== WORK ORDER ==
Retype exactly the lines that run from the start of the data to the line holding "J-Stars Victory Vs", including both, and only those.

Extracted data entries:
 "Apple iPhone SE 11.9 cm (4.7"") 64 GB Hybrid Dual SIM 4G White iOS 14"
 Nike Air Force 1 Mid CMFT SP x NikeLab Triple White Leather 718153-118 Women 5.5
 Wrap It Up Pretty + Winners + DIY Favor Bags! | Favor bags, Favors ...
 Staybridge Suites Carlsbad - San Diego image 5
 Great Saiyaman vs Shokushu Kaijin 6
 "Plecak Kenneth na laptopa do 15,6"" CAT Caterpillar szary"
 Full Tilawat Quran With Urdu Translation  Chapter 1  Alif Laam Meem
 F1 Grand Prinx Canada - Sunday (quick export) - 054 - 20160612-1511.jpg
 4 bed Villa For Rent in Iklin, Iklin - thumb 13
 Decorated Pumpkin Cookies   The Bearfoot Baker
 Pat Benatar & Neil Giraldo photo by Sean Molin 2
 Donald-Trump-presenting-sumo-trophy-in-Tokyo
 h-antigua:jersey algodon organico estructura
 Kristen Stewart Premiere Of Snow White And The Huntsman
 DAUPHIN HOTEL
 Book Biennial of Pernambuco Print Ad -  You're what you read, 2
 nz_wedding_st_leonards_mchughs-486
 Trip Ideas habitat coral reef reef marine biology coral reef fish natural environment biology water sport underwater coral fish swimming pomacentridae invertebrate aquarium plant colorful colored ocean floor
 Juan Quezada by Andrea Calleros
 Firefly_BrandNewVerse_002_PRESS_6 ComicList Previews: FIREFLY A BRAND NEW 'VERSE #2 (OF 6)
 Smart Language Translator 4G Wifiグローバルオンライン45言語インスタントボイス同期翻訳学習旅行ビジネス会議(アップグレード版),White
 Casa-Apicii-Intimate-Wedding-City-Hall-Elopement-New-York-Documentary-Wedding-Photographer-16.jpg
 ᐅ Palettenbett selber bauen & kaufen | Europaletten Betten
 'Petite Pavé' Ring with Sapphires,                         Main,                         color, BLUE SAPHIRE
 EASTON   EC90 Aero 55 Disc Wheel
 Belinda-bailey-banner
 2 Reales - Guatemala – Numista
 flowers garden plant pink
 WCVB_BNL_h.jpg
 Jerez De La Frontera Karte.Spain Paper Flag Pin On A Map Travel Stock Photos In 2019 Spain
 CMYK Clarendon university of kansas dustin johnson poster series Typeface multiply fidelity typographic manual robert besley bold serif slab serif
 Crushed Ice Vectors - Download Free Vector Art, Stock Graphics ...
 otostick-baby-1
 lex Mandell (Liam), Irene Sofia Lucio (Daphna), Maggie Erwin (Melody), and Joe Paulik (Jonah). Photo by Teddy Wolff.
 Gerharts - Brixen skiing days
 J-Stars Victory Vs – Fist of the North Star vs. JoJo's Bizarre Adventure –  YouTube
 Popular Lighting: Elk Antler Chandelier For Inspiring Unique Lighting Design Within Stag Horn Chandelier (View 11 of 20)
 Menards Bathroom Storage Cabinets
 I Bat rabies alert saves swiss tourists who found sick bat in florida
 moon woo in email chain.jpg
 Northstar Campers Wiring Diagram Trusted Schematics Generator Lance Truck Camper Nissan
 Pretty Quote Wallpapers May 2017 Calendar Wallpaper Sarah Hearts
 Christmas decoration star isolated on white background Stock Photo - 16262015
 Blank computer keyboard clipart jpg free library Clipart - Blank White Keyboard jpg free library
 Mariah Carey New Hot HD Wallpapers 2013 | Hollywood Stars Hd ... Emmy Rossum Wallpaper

== ANSWER SECTION ==
 "Apple iPhone SE 11.9 cm (4.7"") 64 GB Hybrid Dual SIM 4G White iOS 14"
 Nike Air Force 1 Mid CMFT SP x NikeLab Triple White Leather 718153-118 Women 5.5
 Wrap It Up Pretty + Winners + DIY Favor Bags! | Favor bags, Favors ...
 Staybridge Suites Carlsbad - San Diego image 5
 Great Saiyaman vs Shokushu Kaijin 6
 "Plecak Kenneth na laptopa do 15,6"" CAT Caterpillar szary"
 Full Tilawat Quran With Urdu Translation  Chapter 1  Alif Laam Meem
 F1 Grand Prinx Canada - Sunday (quick export) - 054 - 20160612-1511.jpg
 4 bed Villa For Rent in Iklin, Iklin - thumb 13
 Decorated Pumpkin Cookies   The Bearfoot Baker
 Pat Benatar & Neil Giraldo photo by Sean Molin 2
 Donald-Trump-presenting-sumo-trophy-in-Tokyo
 h-antigua:jersey algodon organico estructura
 Kristen Stewart Premiere Of Snow White And The Huntsman
 DAUPHIN HOTEL
 Book Biennial of Pernambuco Print Ad -  You're what you read, 2
 nz_wedding_st_leonards_mchughs-486
 Trip Ideas habitat coral reef reef marine biology coral reef fish natural environment biology water sport underwater coral fish swimming pomacentridae invertebrate aquarium plant colorful colored ocean floor
 Juan Quezada by Andrea Calleros
 Firefly_BrandNewVerse_002_PRESS_6 ComicList Previews: FIREFLY A BRAND NEW 'VERSE #2 (OF 6)
 Smart Language Translator 4G Wifiグローバルオンライン45言語インスタントボイス同期翻訳学習旅行ビジネス会議(アップグレード版),White
 Casa-Apicii-Intimate-Wedding-City-Hall-Elopement-New-York-Documentary-Wedding-Photographer-16.jpg
 ᐅ Palettenbett selber bauen & kaufen | Europaletten Betten
 'Petite Pavé' Ring with Sapphires,                         Main,                         color, BLUE SAPHIRE
 EASTON   EC90 Aero 55 Disc Wheel
 Belinda-bailey-banner
 2 Reales - Guatemala – Numista
 flowers garden plant pink
 WCVB_BNL_h.jpg
 Jerez De La Frontera Karte.Spain Paper Flag Pin On A Map Travel Stock Photos In 2019 Spain
 CMYK Clarendon university of kansas dustin johnson poster series Typeface multiply fidelity typographic manual robert besley bold serif slab serif
 Crushed Ice Vectors - Download Free Vector Art, Stock Graphics ...
 otostick-baby-1
 lex Mandell (Liam), Irene Sofia Lucio (Daphna), Maggie Erwin (Melody), and Joe Paulik (Jonah). Photo by Teddy Wolff.
 Gerharts - Brixen skiing days
 J-Stars Victory Vs – Fist of the North Star vs. JoJo's Bizarre Adventure –  YouTube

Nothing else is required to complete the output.